First-Line Treatment for Iron Deficiency Anemia
Oral iron supplementation is the first-line treatment for iron deficiency anemia, specifically ferrous sulfate 200 mg three times daily for at least three months after correction of anemia to replenish iron stores. 1
Diagnosis Confirmation
Before initiating treatment, confirm iron deficiency anemia with:
- Hemoglobin below normal range (per WHO definition)
- MCV < 76 fl
- Ferritin < 30 μg/L (without inflammation) or < 100 μg/L (with inflammation) 1, 2
- Transferrin saturation < 20% 2
Treatment Algorithm
1. First-Line Treatment: Oral Iron
For most patients with iron deficiency anemia:
- Ferrous sulfate 200 mg three times daily 1
- Alternative ferrous preparations with equivalent efficacy:
- Continue for three months after normalization of hemoglobin to replenish iron stores 1
2. Special Considerations for Oral Iron
- Add ascorbic acid (vitamin C) to enhance iron absorption 1
- For patients with side effects:
- Consider liquid preparations if tablets are not tolerated 1
- Consider alternate-day dosing to reduce gastrointestinal side effects 2, 4
- Try lower doses (100 mg daily) for asymptomatic patients with mild anemia 4
- Switch between different iron formulations (ferrous gluconate or fumarate) if side effects persist 2
3. When to Use Intravenous Iron (Second-Line)
Intravenous iron should be considered as first-line in specific situations:
- Clinically active inflammatory bowel disease 1
- Previous intolerance to oral iron 1
- Hemoglobin below 100 g/L 1
- Patients requiring erythropoiesis-stimulating agents 1
- Malabsorption disorders 2, 5
- Ongoing blood loss 2
- Chronic kidney disease 2, 5
- Heart failure 2, 5
- Second and third trimesters of pregnancy when indicated 2, 5
Monitoring Response
- Check hemoglobin and red cell indices after 4 weeks of treatment 2
- Expected increase: 2 g/dL in hemoglobin after 3-4 weeks 2
- Continue monitoring every 3 months for one year, then after another year 1, 2
- Target parameters: ferritin ≥50 μg/L and transferrin saturation >20% 2
Common Pitfalls and Caveats
Inadequate duration of therapy: Many clinicians stop iron supplementation once hemoglobin normalizes, but treatment should continue for 3 months after normalization to replenish iron stores 1
Ignoring side effects: Gastrointestinal side effects (constipation, diarrhea, nausea) can reduce compliance.
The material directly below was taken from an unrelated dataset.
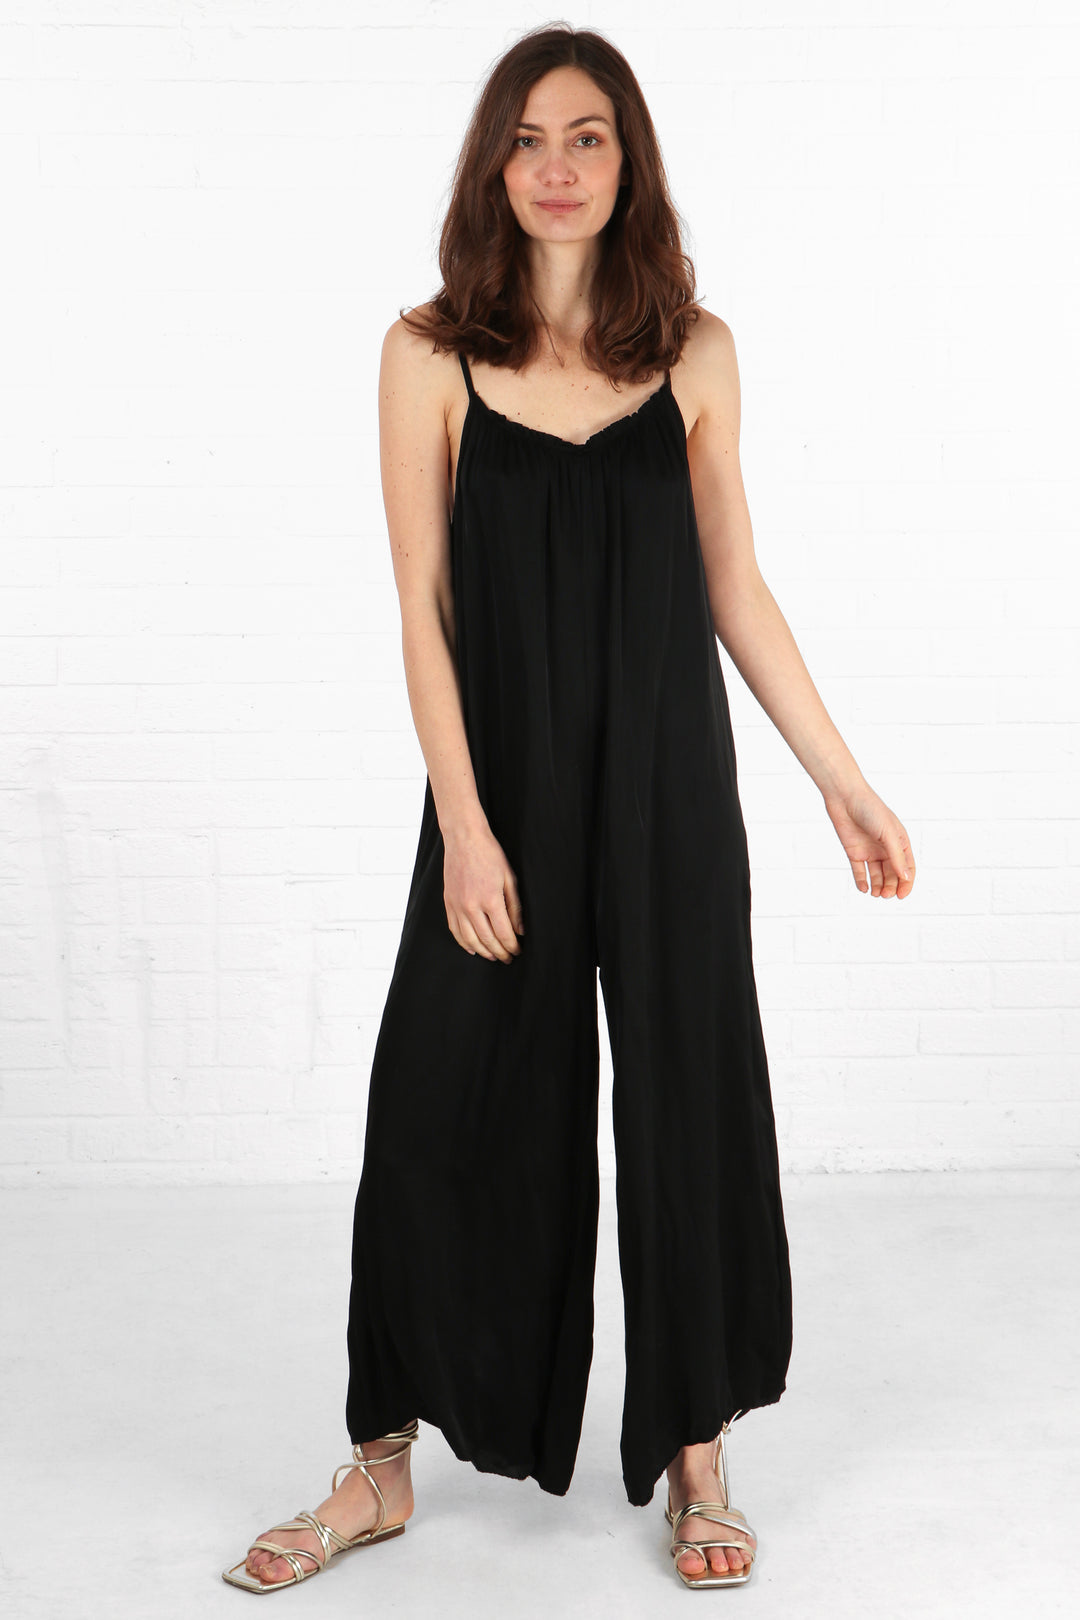 silky textured wide leg maxi length jumpsuit with thin spaghetti straps

Consider:
- Taking iron with food (though may reduce absorption)
- Alternate-day dosing
- Different iron formulations 2
Missing underlying causes: Always investigate and treat the underlying cause of iron deficiency (e.g., gastrointestinal bleeding, malabsorption, menorrhagia) 1, 5
Overlooking inflammation: In inflammatory states, ferritin may be falsely elevated. Use higher cutoff values (up to 100 μg/L) for diagnosing iron deficiency when inflammation is present 1, 2
Excessive dosing: Recent evidence suggests that lower doses (100 mg daily) may be sufficient for asymptomatic patients with mild anemia, with fewer side effects 4
By following this evidence-based approach to iron deficiency anemia treatment, clinicians can effectively restore hemoglobin levels and replenish iron stores while minimizing side effects and improving patient compliance.